What Went Wrong With Decentraland
On the morning of August 17th, 2017, the ~3500 people who were a part of Decentraland community woke up excited. It was finally the day of the Decentraland ICO, or Initial Coin Offering. This was ultimately the first opportunity for the community to make their stake in the wild west of the virtual world.
Decentraland’s community was very unique. Unlike most other projects these days, the community around it was almost completely centralized, in a Slack channel controlled by the Decentraland team. It was one universal forum where everyone could talk to their future neighbors, business partners, and the creators of the virtual world themselves. About two hours before the ICO, the Decentraland team archived and locked all the channels except two that they control, #announcements and #dev-updates. This was very strange, they’d never told us they were going to do that before this point. It was very disconcerting not to be able to talk with our fellow community members while we approached the moment we’d all been waiting for.

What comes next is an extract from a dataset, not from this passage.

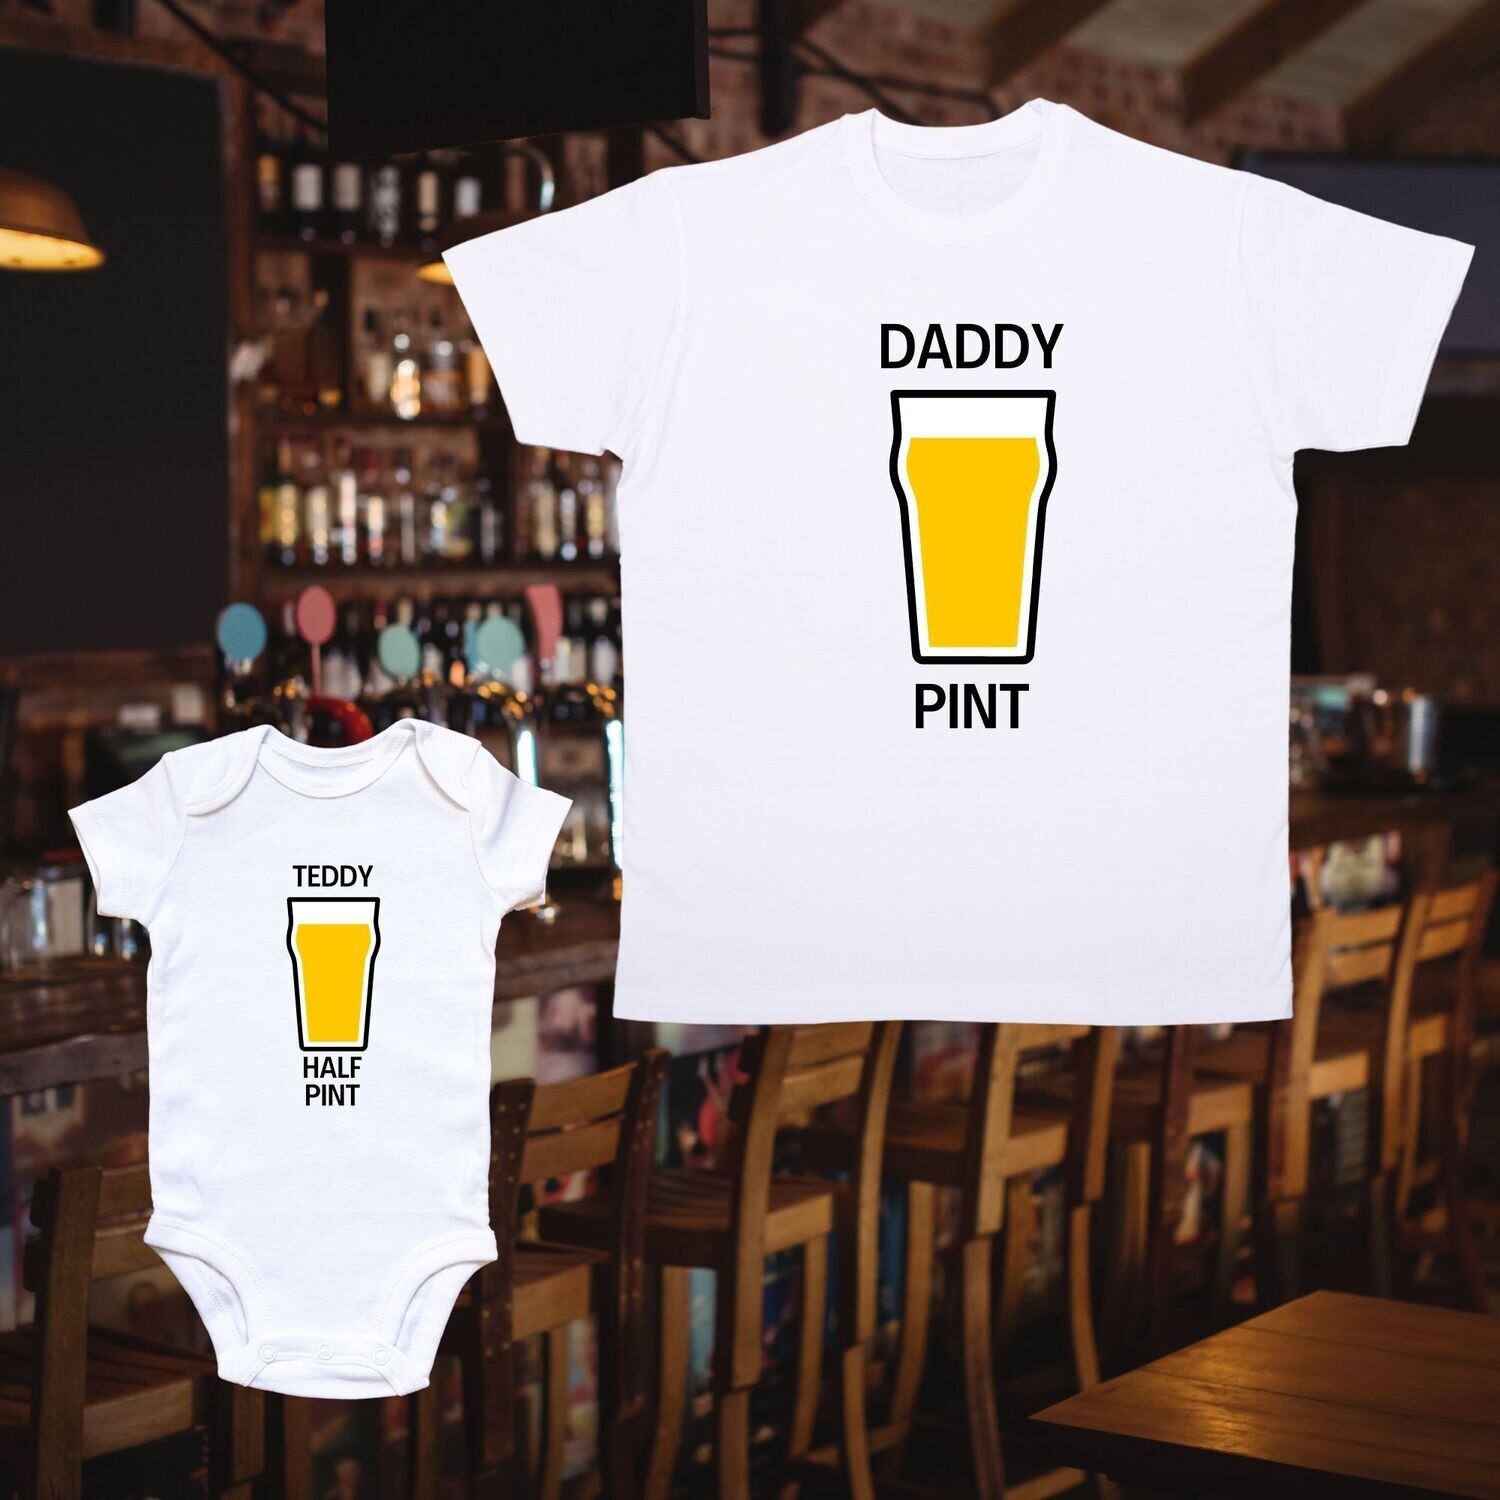 Pint & Half Pint, Father & Son Matching T-Shirts

Despite this, everyone was still excited to buy in. The community had a huge amount of optimism in the project and a lot of love and trust for the development team. Because of that, the community wanted to put their money where their mouths were to prove they were invested in Decentraland’s long-term success. This was important because of what Decentraland is. It’s a fully decentralized virtual world. It was important because none of it had any inherent value. Decentraland, and it’s cryptocurrency MANA, was only as valuable as people made it. But within the first 10 seconds of it’s coins existence, the value to it’s community tanked.
5 large investors, known as “whales”, were able to buy in early to the ICO. Though many of the details are unkown(one whale seems to be a known smart-contract pool), it looks like collusion with the creators of Decentraland, as one 10,000ETH(~$3,000,000) purchase was allowed to occur 3 hours before the start of the ICO(a partnership with an app, apparently).

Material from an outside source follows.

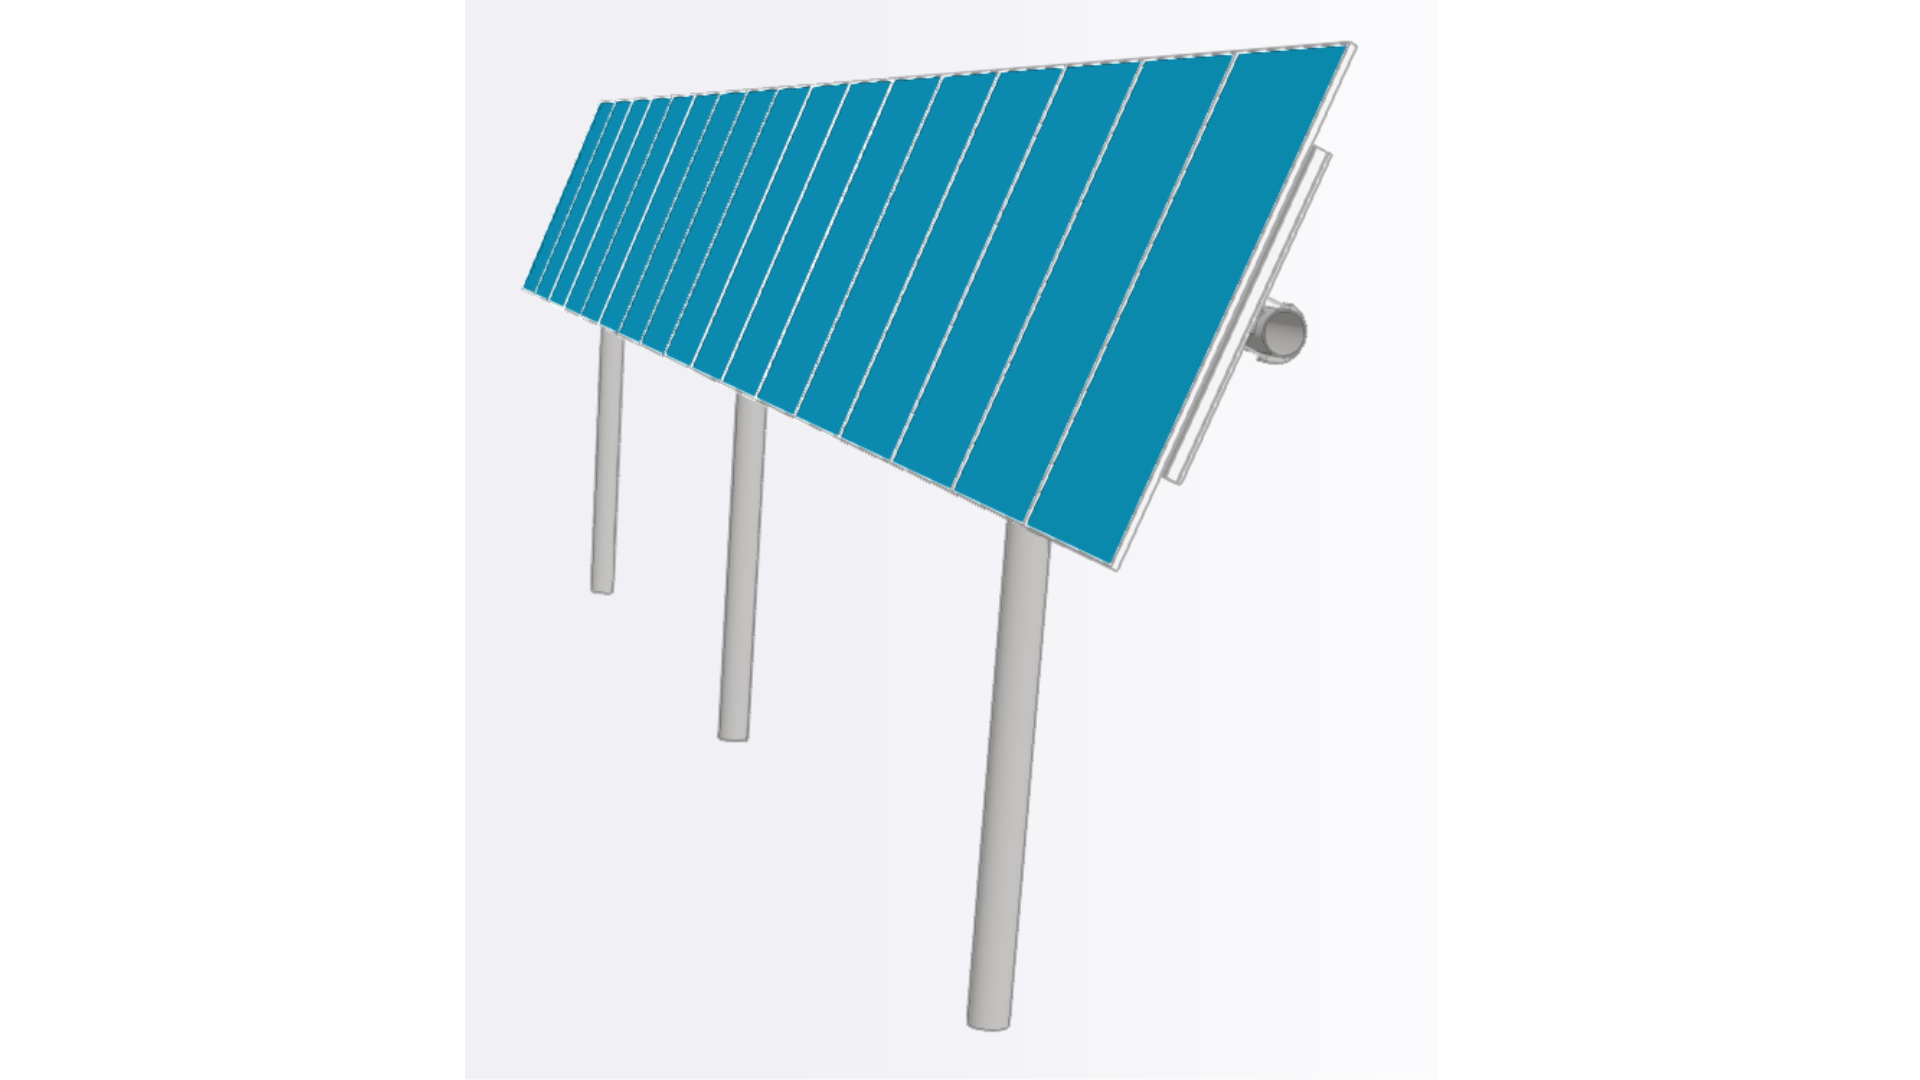 Rotatable solar panel, Voorthuizen 02

Thus, a small handful of MANA-holders (last time I checked it was up to nine from five) took full control of Decentraland. Meaning 99.7% of Decentraland’s community had absolutely no stake in Decentraland.
So immediately, we got to work. We made a Slack channel to discuss our plans, here:
It was clear that we didn’t want to buy in to a project that was controlled by a select few, after being stabbed in the back by the team we trusted.
Currently, people are discussing ways to take power back from Decentraland. This includes things like hashtag campaign’s(#decentraland #boycottmana), identifying issues with Decentraland, and presenting proposals for what to do going forward.
We’re a small splinter community, but we’re working hard and fast moving forward. In less than 24 hours we’ve had hundreds of contributions from dozens of users. I presented a proposal to the #dev channel, and we’re doing our first survey to design the democratic process of a decentralized metaverse.
But this isn’t about the Decentraland Emigrants, it’s about Decentraland itself. There was a HUGE amount of red flags, but no one took them seriously. People were cluelessly optimistic. This included:
- No one on the Decentraland team had any game dev or VR experience, despite claiming to be building a VRMMO
- The project claimed to have started in June 2015, but had no notable releases or product development until March 2017
- The ICO was delayed
- The team arbitrarily planned an ICO whitelist pre-sale and discount within a few weeks of the ICO, after repeatedly claiming pre-sales were bad
- Cancelling said whitelist pre-sale just days before the ICO
- The team refused to create any sort of protections on huge individual purchases
- The source code to the Unity browser of Decentraland was very unimpressive
- There has been no VR-specific development done for Decentraland at all to this day
- The team refused to package an executable of the Decentraland browser for the community
- The Decentraland team claimed that they were trashing the Unity Web Player version for Aframe and WebVR, even though they have no experience with aframe and have no aframe product to show
So with all these red flags, why didn’t I warn people? Two fundamental reasons, firstly, the Decentraland community was so optimistic and positive, that they reacted badly to people asking critical questions on the community Slack channel.
Secondly, I wanted to make money. Spending my time and energy to warn people would make them less likely to buy in. So instead, I prepared to buy in to the ICO weeks in advance, and planned on releasing a bunch of content to increase awareness around Decentraland(and help solve all of the complaints I had with the project) after I’d bought in. In fact, hundreds of people were planning on doing the same thing. Instead, most of those people have already left the Decentraland community. As far as they’re concerned, it was a scam.
And it’s a damn shame, because this was the closest thing to an open metaverse we’ve ever gotten.